“I’m giving it my all, but I’m not the girl you’re taking home, ooh. I keep dancing on my own (I keep dancing on my own)…”
I remember my first time at a gay bar in DC.
Robyn’s “Dancing On My Own” was, unsurprisingly, blaring on the DJ’s speakers.
Other popular go-to gay anthems included “No Scrubs” by TLC and, of course, “I Wanna Dance with Somebody” by the late, great Whitney Houston (“How Will I Know” is the superior Whitney song, however. Fight me!).
Hearing these songs play in the background of my first gay bar was not only a great change of pace, but also a breath of fresh air.
My bar/club experience in the DC scene was limited to the predominantly straight spaces where songs foreign to my young, queer heart reigned supreme.
So, when the chance came for me to finally go to a party space made by and for gay people, I was utterly giddy.
I was excited to move how I wanted, talk how I wanted, and wear what I wanted without fear of judgement or harassment from others.
These pieces of media showcased queer, trans, and gay folk who challenged societal and gender norms, wore outlandish, yet awe-inspiring, costumes, vogued the house down, threw shade, lip-synced for their lives, and wore their identities as badges of honor.
Most importantly, these individuals showed me the resilience of the queer and trans community, a community whose people have been and still are vulnerable and oppressed today, especially those of color.
Bearing all of this mind, I was ready to enter my first gay bar itching to (try to) death drop like Shangela (a former contestant on RuPaul’s Drag Race), walk like Pepper LaBeija (the late house mother of the “House of LaBeija”), and serve “Pretty Girl, 1986” realness.
When I finally arrived at my first gay bar, I was disheartened by what I found.
Some people reading this may think that I was being completely naive to expect so much out of these places.

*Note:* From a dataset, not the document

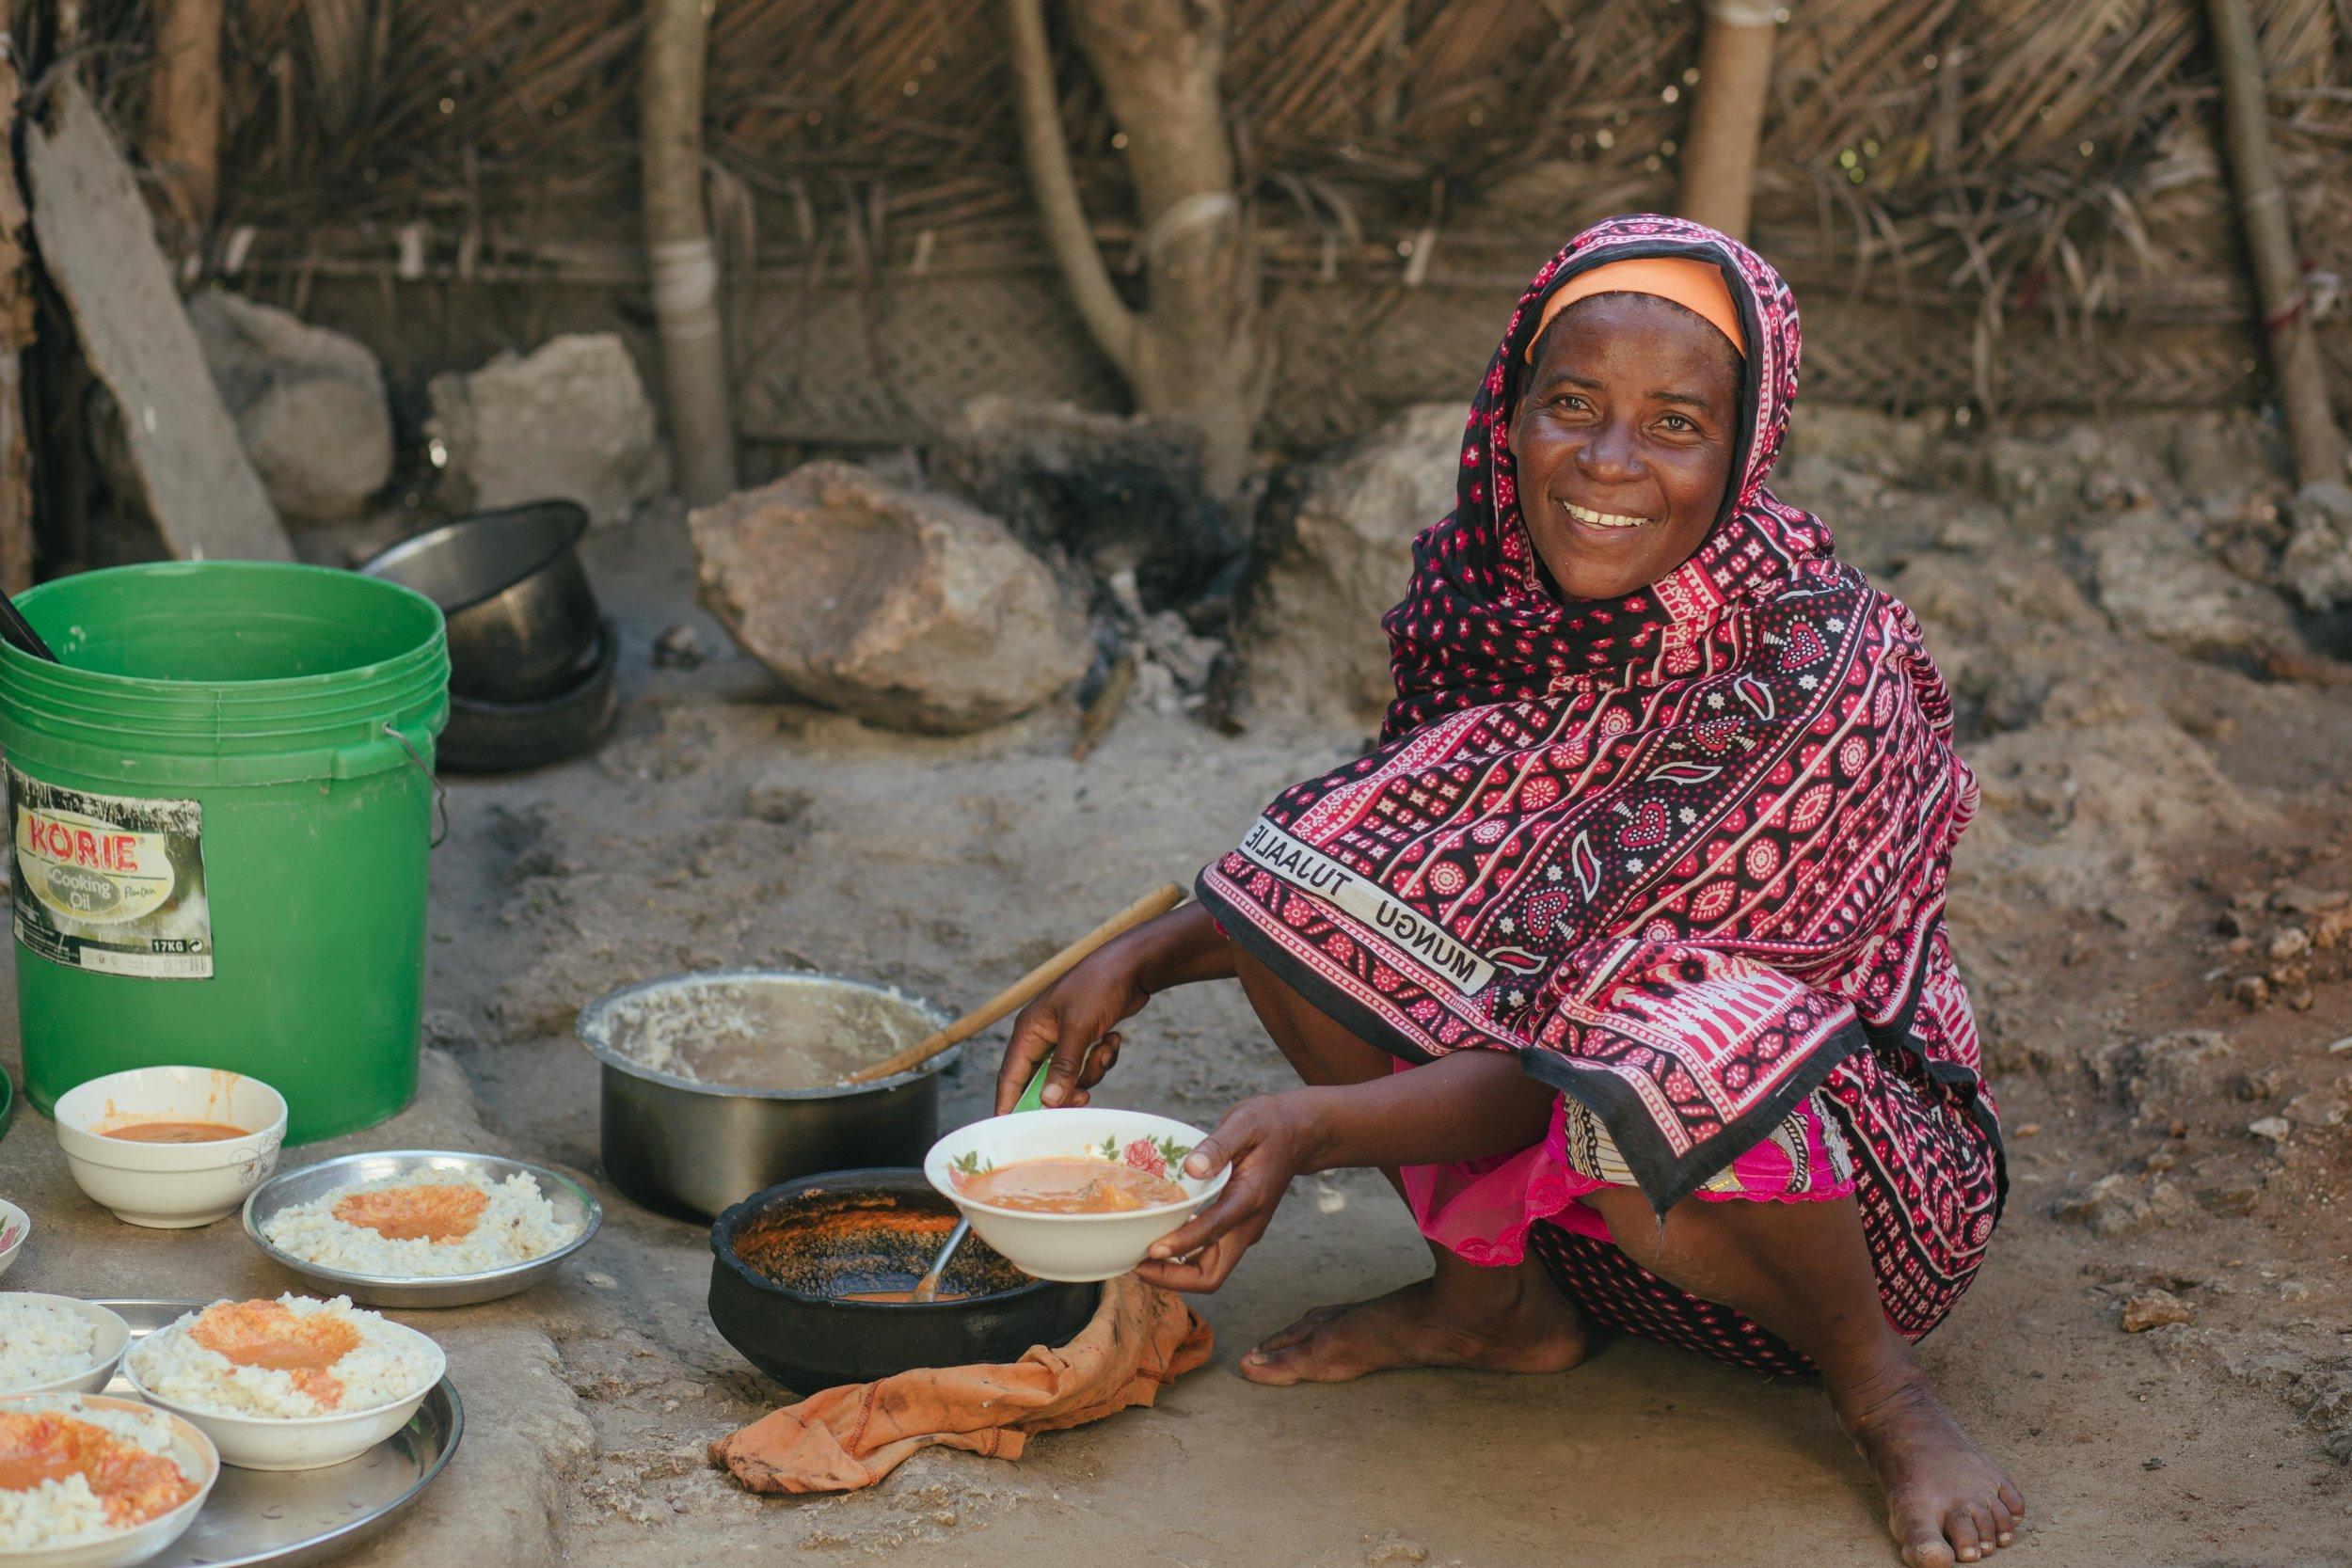 Muna_Ally_Zanzibar (4 of 10).jpg

In hindsight, I understand that I was.
But, at the time, I could not help but hope that these bars and clubs would be like the “balls” I had seen in Paris is Burning or the exuberant people I had watched on Drag Race.

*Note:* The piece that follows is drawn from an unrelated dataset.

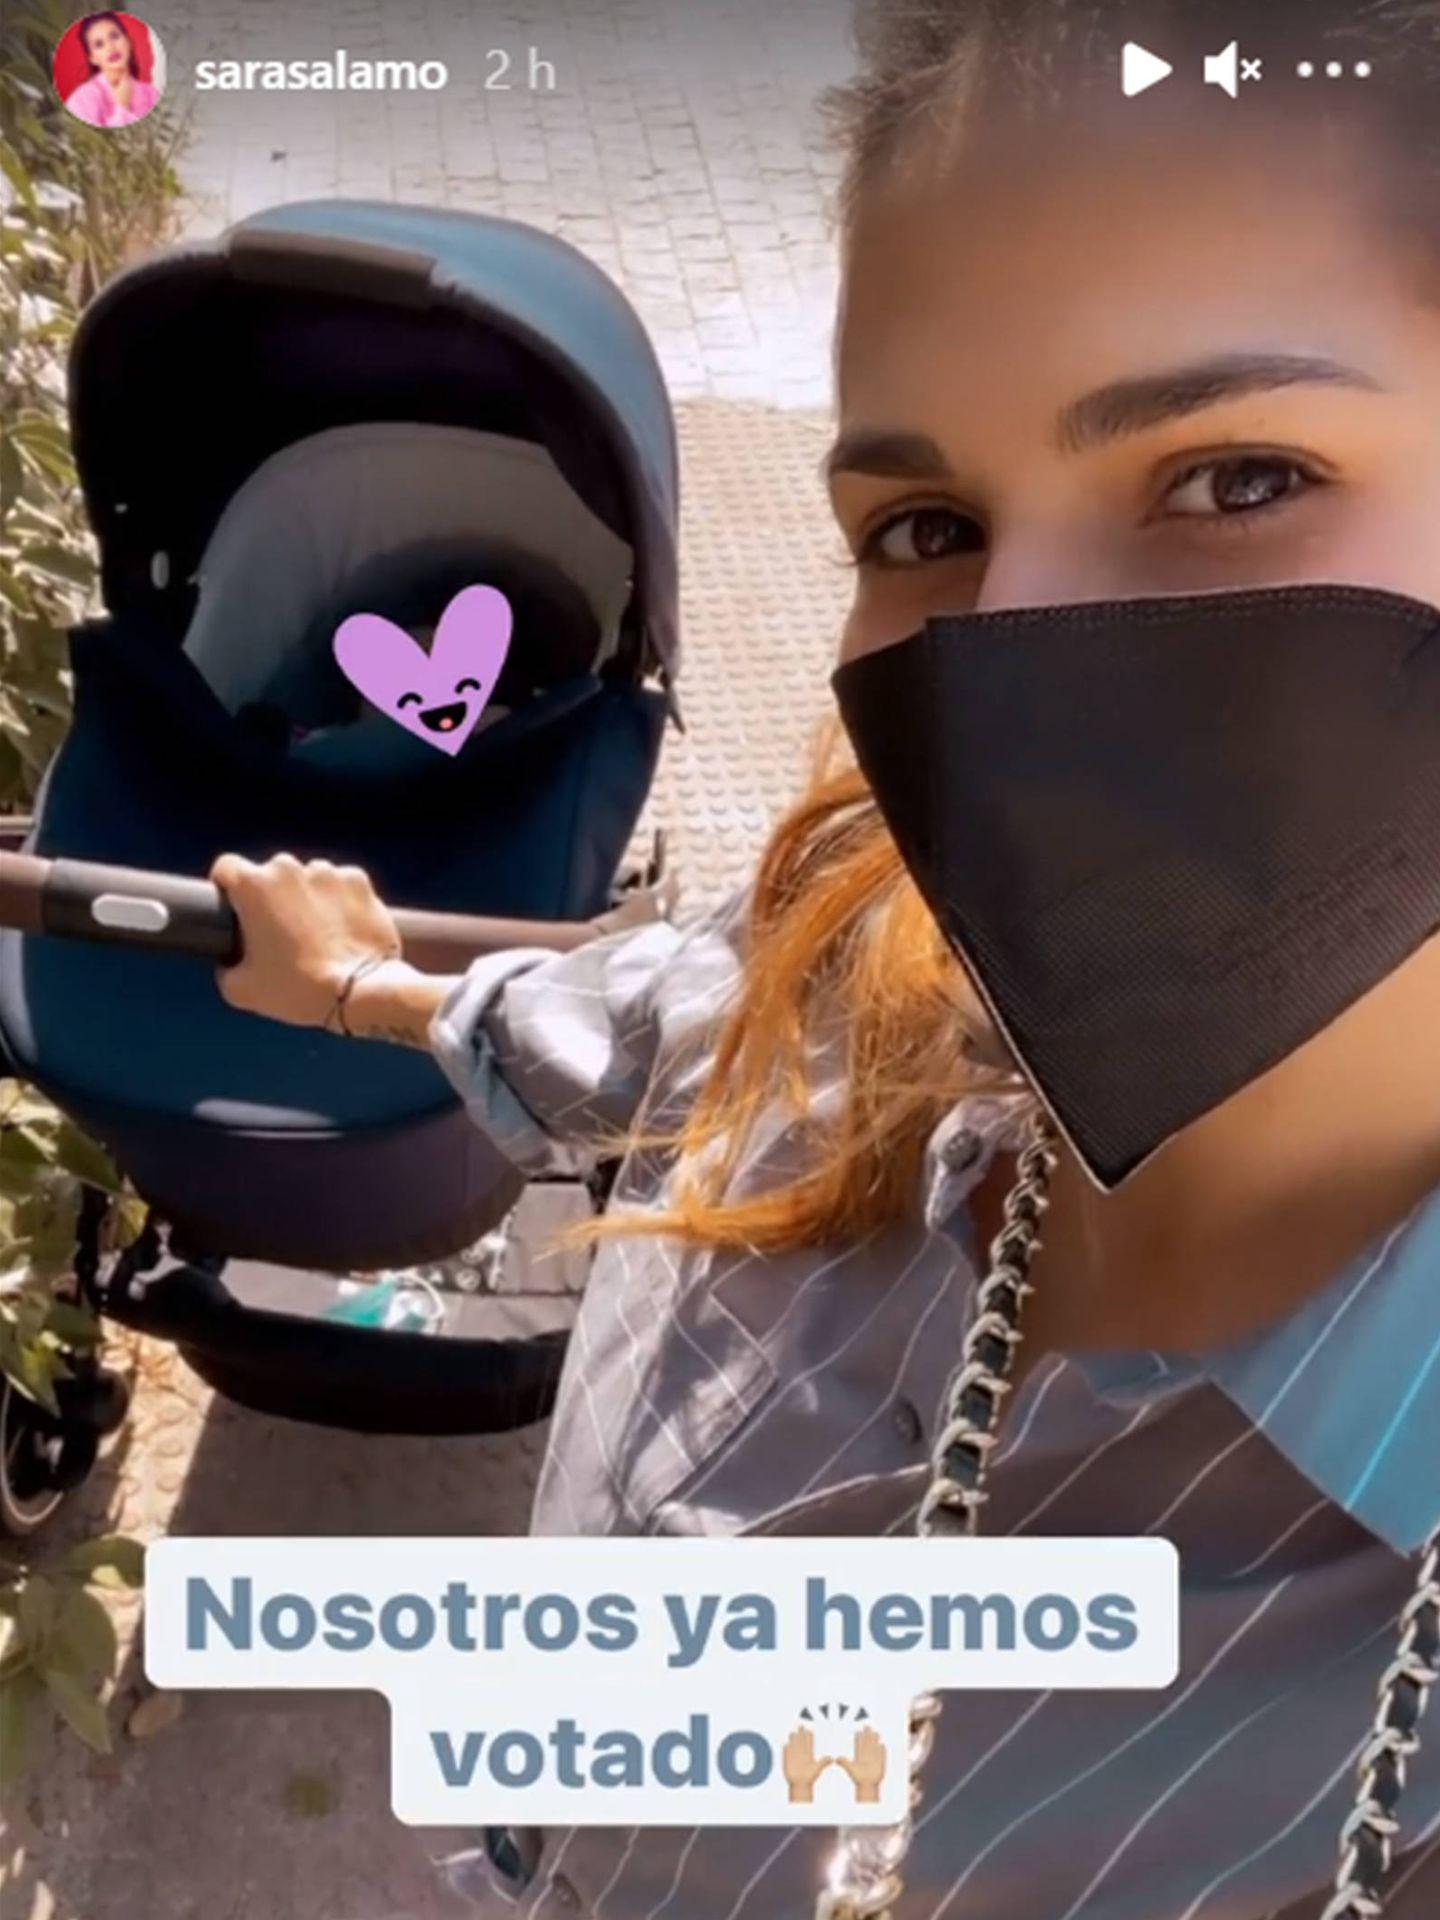 Sara Sálamo, en redes sociales. (Instagram @sarasalamo)

For many queer people, representation is so slim that the moment I got to have a first taste, I was excited to take a huge bite out of gay culture after years of imagining, hoping, and wishing.
Upon entering the bar, after the initial songs of excitement had waned, I slowly realized that what I expected paled in comparison to what was actually around me, and I mean literally paled.
Almost everyone at my first gay bar was white with the folks of color added in sparsely like sprinkles put on a vanilla cone by a stingy Baskin-Robbins worker.
Also, practically everyone was wearing the same thing.
It was either a snapback with a muscle-tank, shorts, and high-tops, or an unbuttoned button-up that revealed a chiseled body formed by countless hours at the gym.
I saw little to no displays of gender interrogation, scarce embracements of femininity, and little of the “diversity” that the mainstream LGBT community ostensibly champions.
At straight clubs, I felt like I stuck out, and now at gay ones, I felt invisible.
Nobody looked like me nor at me.
Many argue that a large proportion of gay men do not find Asian men attractive due to racialized “preferences,” and that is true.
But, it would not have made a difference if the people there were interested in me.
At the end of the day, my feminine, gender non-conforming Asian self did not fit in with the white, snapback-wearing, masculine gay people of my first gay bar.
Though we did have similar interests, RuPaul’s Drag Race being one of them, it seemed as if their “feminine” inclinations were okay so long as their bodies were muscular and mannerisms of the macho persuasion.
Although my first taste of the gay scene in DC left my palette wholly unsatisfied, I did not allow myself to settle or conform.
Much like the fierce queens on Drag Race who worked for the crown, or the resilient people in Paris is Burning who reached for the stars, I, too, knew that my search for queer spaces was far from over.
I know that there is more to queer life than the ones readily accessible to me, but until then, I will stay true to Robyn’s words and dance on my own until I find the people I want to dance and feel the heat with.